На внутренний источник духовной жизни указывает уже слово «самосовершенствование», не случайно начинающееся с корня «само». Теория же самосовершенствования – узловая для Толстого. Он, не приемля ни языческого астартизма, ни платонической спиритуализации, а вернее – радикального нигилизма, полного отрицания земного бытия ради небесного, – предлагает преображение мира через самосовершенствование. Это и есть путь реального теозиса мира, который мы «должны сделать прекраснее».

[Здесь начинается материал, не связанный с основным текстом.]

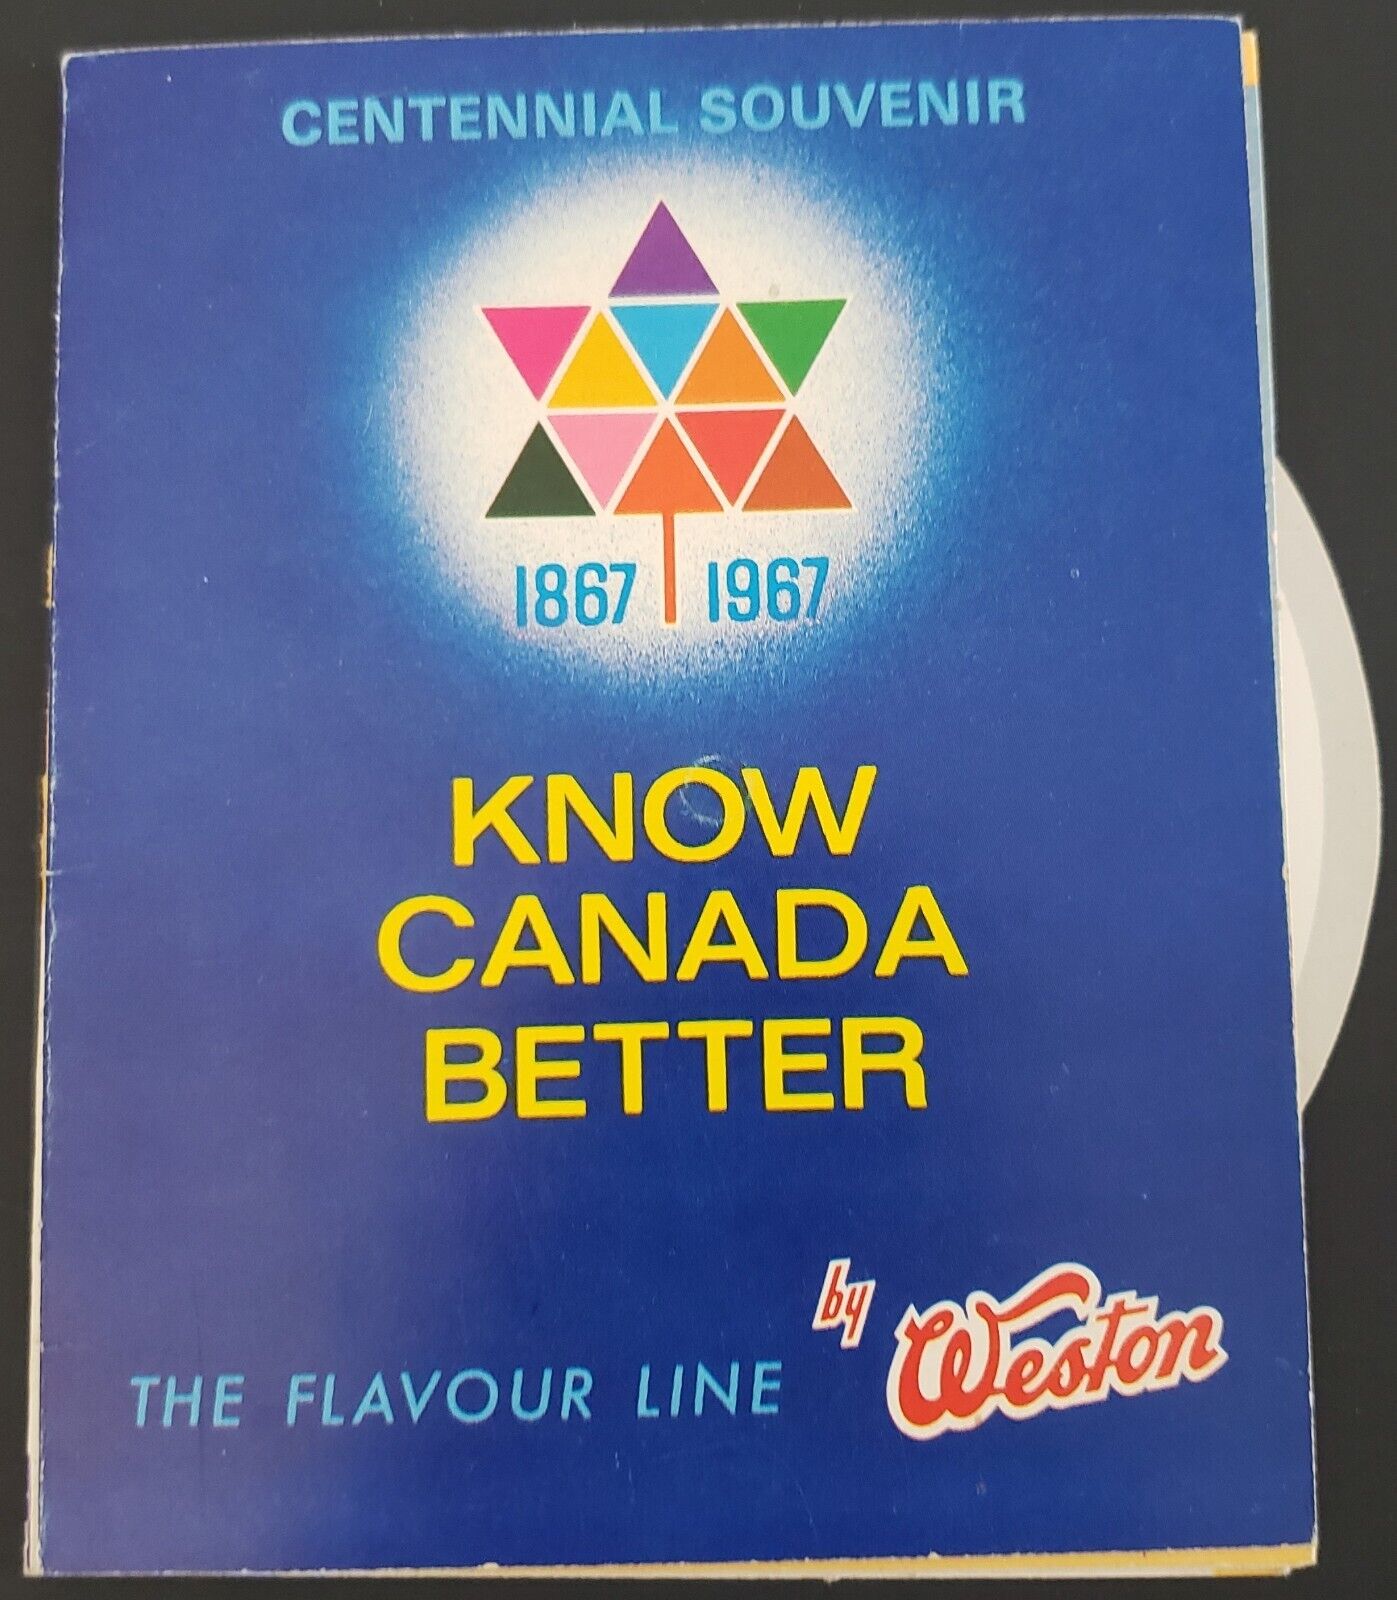 Centennial Souvenir 1867 1967 Know Canada Better Weston Biscuits & Candy
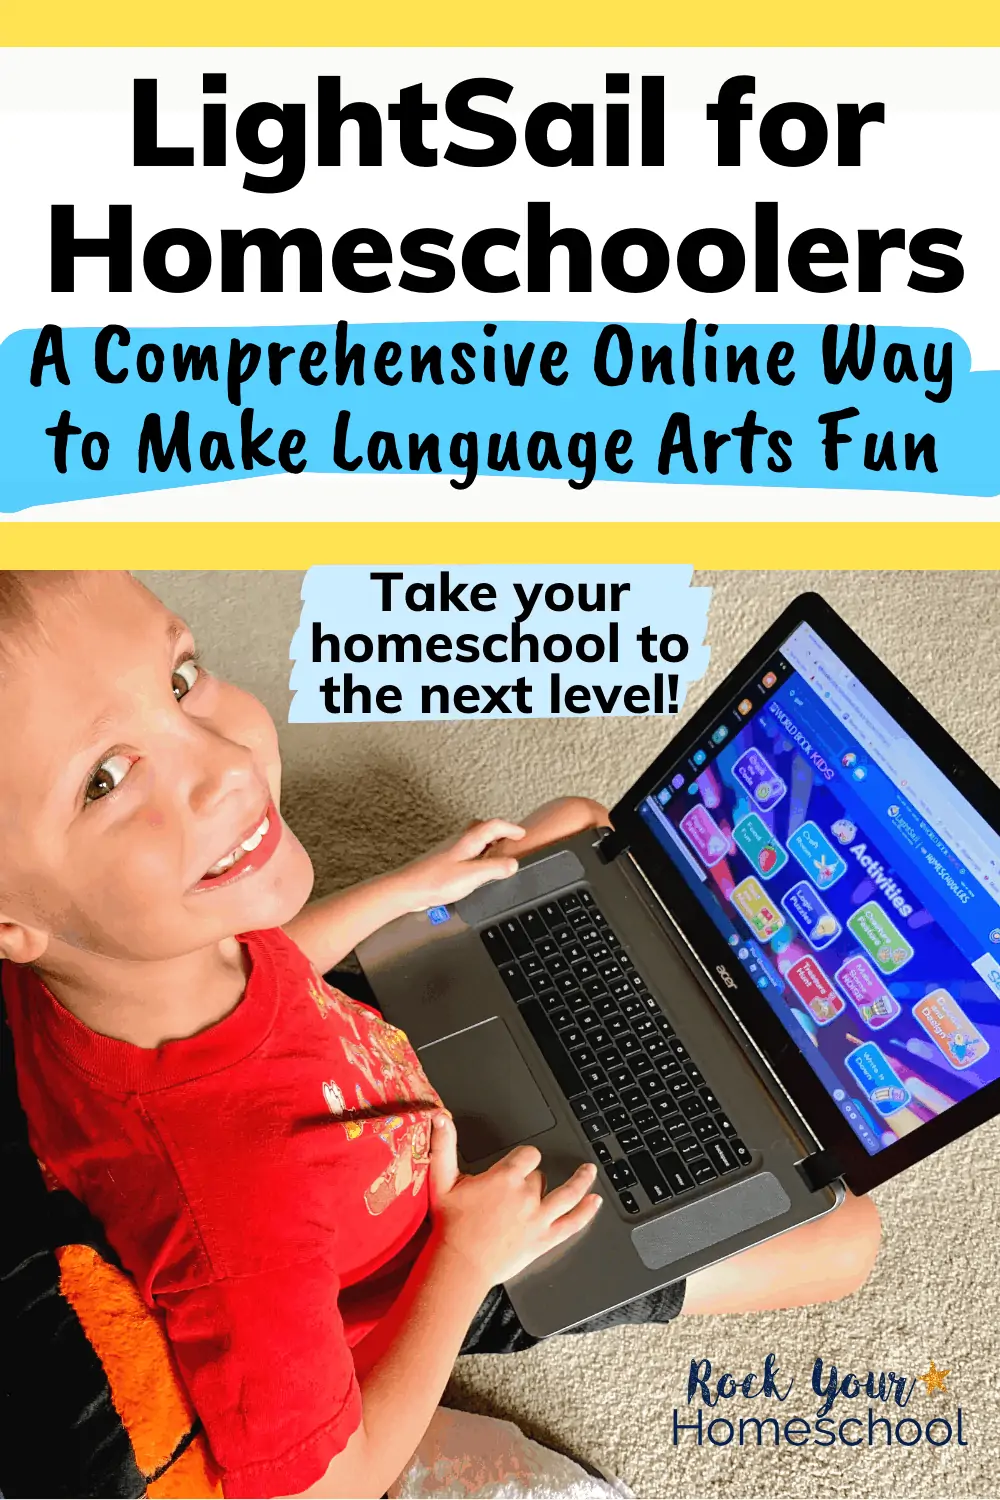 LightSail for Homeschoolers: A Comprehensive Online Way to Make Language Arts Fun

Заметим слово «прекраснее». Разве знаменитое «Красота спасет мир» как выражение романтического эстетизма говорит не о том же? Нет! Толстой, как мы видели, не приемлет эстетизм. Его решение другое. Самосовершенствование, черпающее волевые импульсы и духовные интуиции – религиозные, моральные, эстетические, когнитивные – из глубин человека, преобразует постепенно всего человека, в том числе и его чувственно-душевный мир, а затем и мир внешний, совершенствуемый работой преображенных людей. Толстой идет от тайных глубин «я» к преобразованию человека, а затем и мира, а не наоборот – от внешнего (эстетического ли, социального ли, экономического ли, правового ли и т. д.) изменения к внутреннему. Последнее – модель всех революционеров – рассматривает человека как пассивное существо. При этом напрочь упускается из виду самое очевидное: человек – единственное в мире косной материи существо, способное к преобразовательной деятельности. Человек – творец себя самого в первую очередь. И в повседневности человек лишь тот, кто сам себя вытаскивает за волосы, становясь надчеловеком. И тогда начинает работать все: преображенная и одухотворенная чувственность, или эстетика, преображенный творчеством труд, или синергия Богу, преображенный духовными ценностями интеллект, или мудрость, преображенные духовными ориентирами семейно-брачные отношения и т. д. Толстой не отказывается ни от чего, он только меняет вектор, начало импульса усматривая в самом человеке, в его тайных глубинах. При этом Толстой замечает удивительную вещь – тайные глубины человека выводят его за пределы индивидуальности к некое всеобщности, которую Толстой никак не обозначает, но контакт с которой переживает со всей очевидностью реалиста.